This project represents a structured and comprehensive implementation of a hardware accelerator for the Histogram of Oriented Gradients (HOG) algorithm, specifically tailored for face detection. The primary focus of this project was to optimize the HOG algorithm for hardware acceleration, enabling faster and more efficient processing compared to traditional software-based implementations.
The project was developed as part of the coursework during the fourth year of undergraduate studies at the Faculty of Technical Sciences in Novi Sad. It serves both as a demonstration of theoretical knowledge and as practical experience in the design and implementation of hardware accelerators.
The project encompassed several distinct but interconnected stages, each addressing a critical aspect of the hardware accelerator's development. From conceptualizing the design on a virtual platform to integrating it with a Linux operating system, the stages were carefully planned to ensure the successful realization of the accelerator.
The first stage of the project involved the development of an abstract model using a virtual platform in SystemC. This stage was crucial for exploring high-level design decisions without delving into hardware implementation details. The ESL model served as a blueprint for the project, helping to validate the overall architecture, functionality, and data flow.
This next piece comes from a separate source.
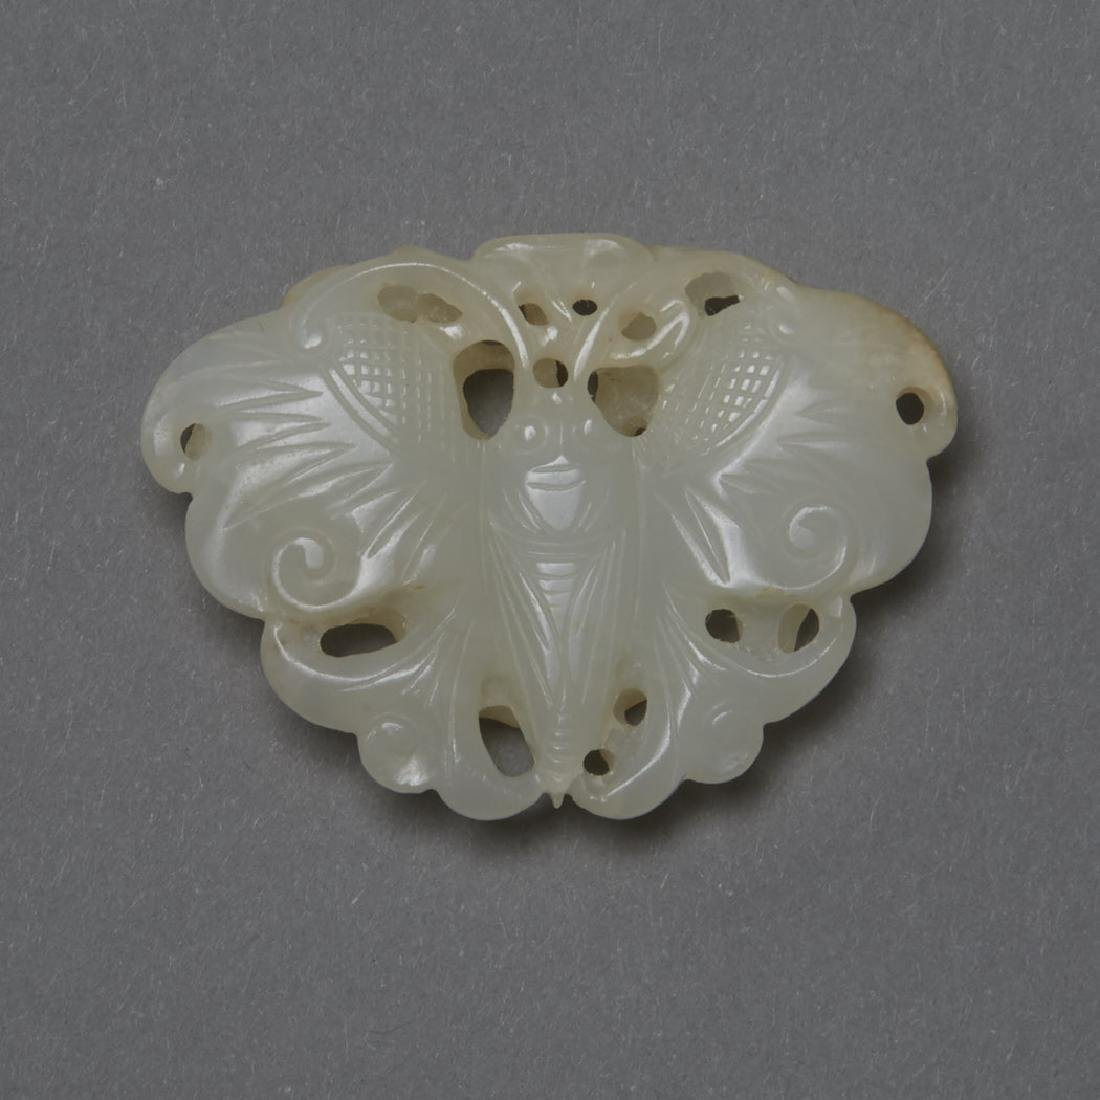 Chinese 18th/19th C Qing white Jade Pendant - BTC Acpt - 3
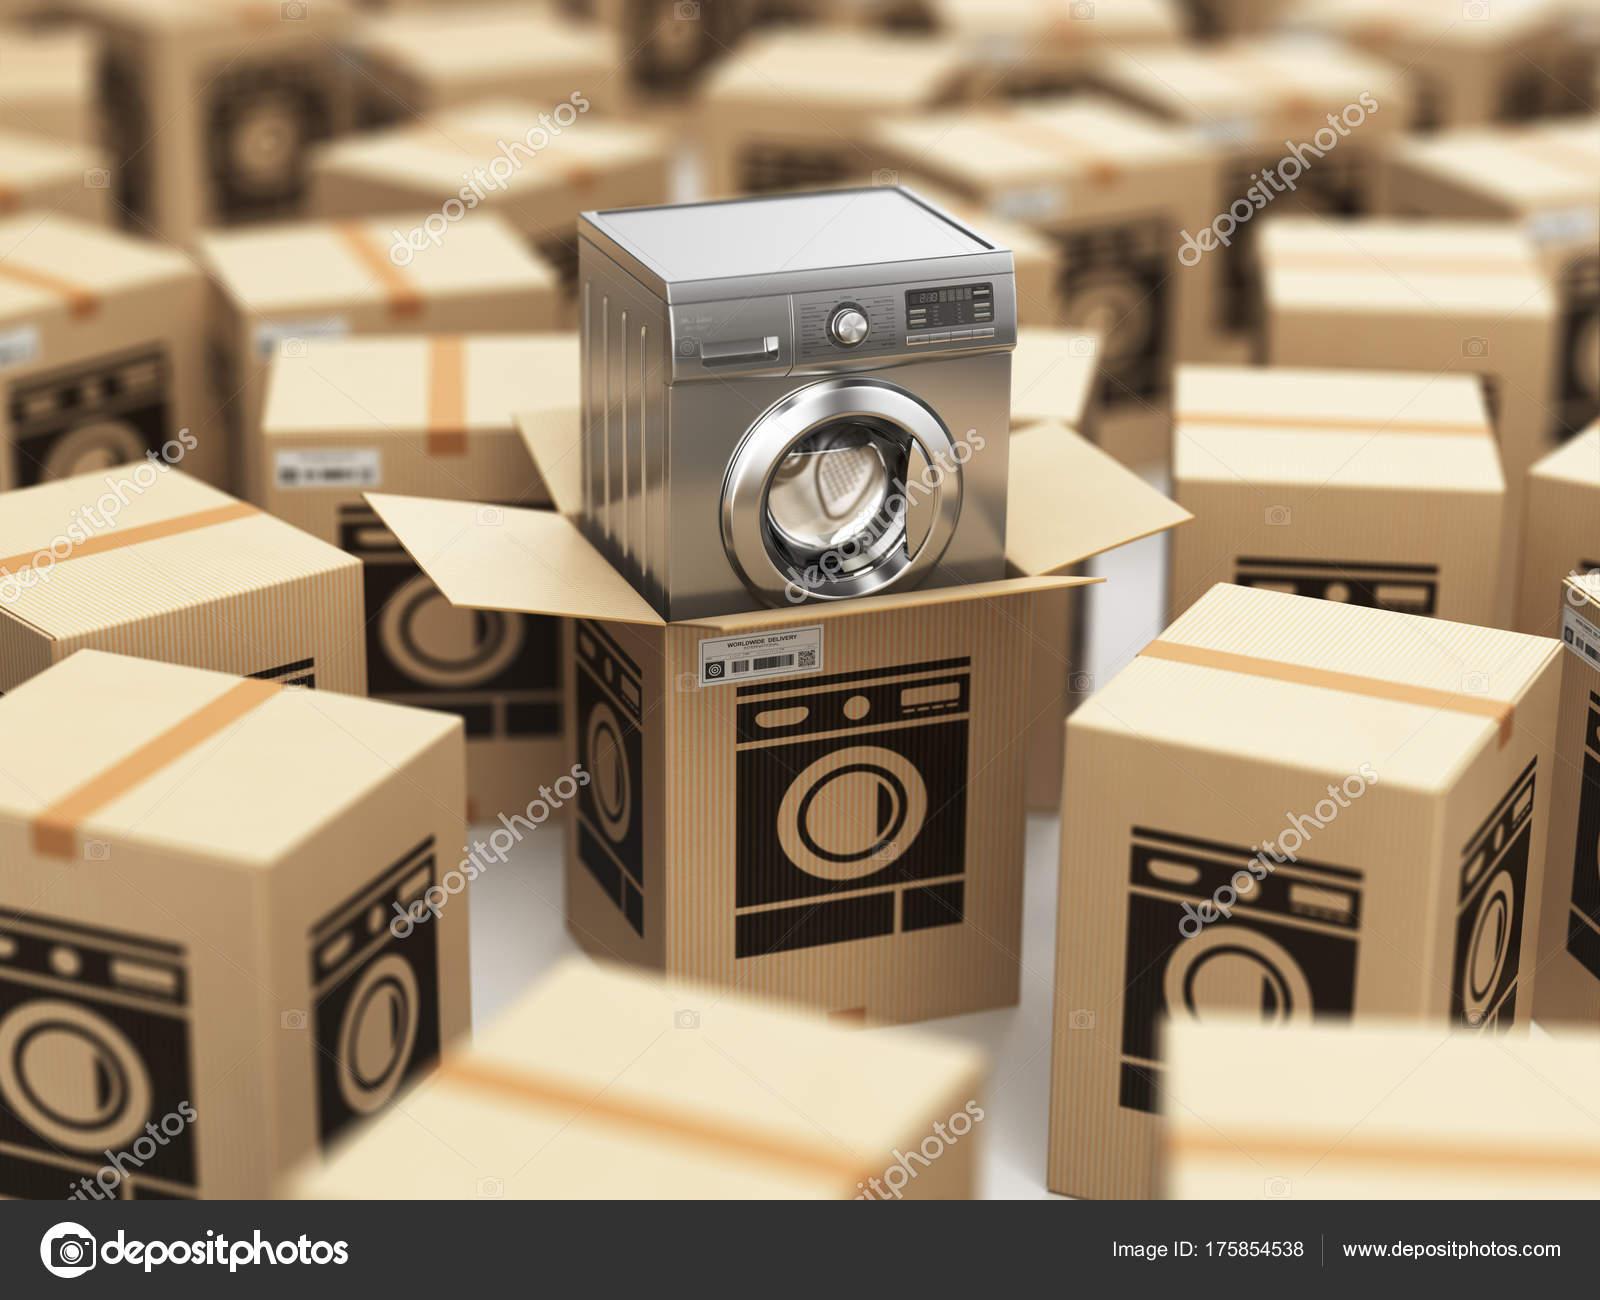 95b0193e605 Πλυντήριο ρούχων σε κουτί από χαρτόνι. Ηλεκτρονικό εμπόριο, internet online  αγορές και η παράδοση έννοια. 3D απεικόνιση — Εικόνα από ...

Using SystemC allowed early detection of potential bottlenecks, enabling iterative refinement before hardware synthesis. The virtual platform also facilitated experimentation with various configurations and provided a software environment to begin developing the firmware and drivers in parallel. Read More...
The hardware design was implemented using VHDL, with a focus on the Zynq-7000 SoC. This stage involved translating the high-level design from the ESL model into a detailed register-transfer-level (RTL) description.
Key considerations during this phase included:
- Resource Optimization: Ensuring efficient use of the FPGA fabric to maximize performance while minimizing resource usage.
- Timing Analysis: Achieving timing closure to meet the performance requirements of the application.
- Modular Design: Structuring the hardware into reusable and maintainable modules.
The design leveraged the unique capabilities of the Zynq-7000, particularly its tightly coupled ARM processing system and programmable logic, which allowed for a seamless blend of hardware acceleration and software control. Read More...
Verification played a critical role in ensuring the correctness and reliability of the hardware design. A UVM testbench was developed in parallel with the hardware design to simulate and validate the functionality of the RTL modules.
The UVM environment included:
- Sequence Items and Sequences: To represent and generate various transaction scenarios.
- Drivers and Monitors: To drive stimulus and capture responses from the DUT (Device Under Test).
- Scoreboard: For result comparison and coverage analysis.
- Functional Coverage: To measure the completeness of verification and ensure that all corner cases were tested.
Using UVM allowed for a modular, scalable, and reusable verification environment, which significantly reduced the debugging time and ensured high-quality hardware design. Read More...
Once the hardware design was verified and implemented on the Zynq-7000 board, the next step was integrating it into a Linux environment. This stage involved the installation of Linux on the Zynq board, followed by the development of a Linux device driver to facilitate communication between the software application and the hardware accelerator.
The device driver included:
- Initialization: Setting up the hardware resources, such as memory-mapped registers and interrupts.
- IOCTL Calls: Providing user-space applications with an interface to control and monitor the hardware accelerator.
- Interrupt Handling: Ensuring efficient handling of hardware events to minimize latency.
This stage bridged the gap between the hardware and software, enabling the integration of the hardware accelerator into real-world applications running on a Linux-based system. Read More...
After the system was deployed, testing was conducted to evaluate its functionality. The system was tested for its ability to detect faces in photographs, using the same test samples that were previously utilized during simulations on the virtual platform. The values stored in the DRAM memory matched the expected values, providing additional verification of the system's operation.
Since the filtered pixel values aligned with expectations, additional functions were invoked to compute the coordinates of the detected faces in the images. These functions processed the filtered data to produce precise locations of faces, ensuring the accuracy and reliability of the detection algorithm. This successful outcome confirmed the system's capability to perform face detection as designed, marking a critical milestone in its validation.
The resulting image showcasing the detected faces can be seen below:
It highlights the successful implementation of the system, where the identified face coordinates are accurately marked on the test images. This visual output serves as a concrete demonstration of the system's ability to process and analyze input data, confirming the correct functioning of the hardware and software components.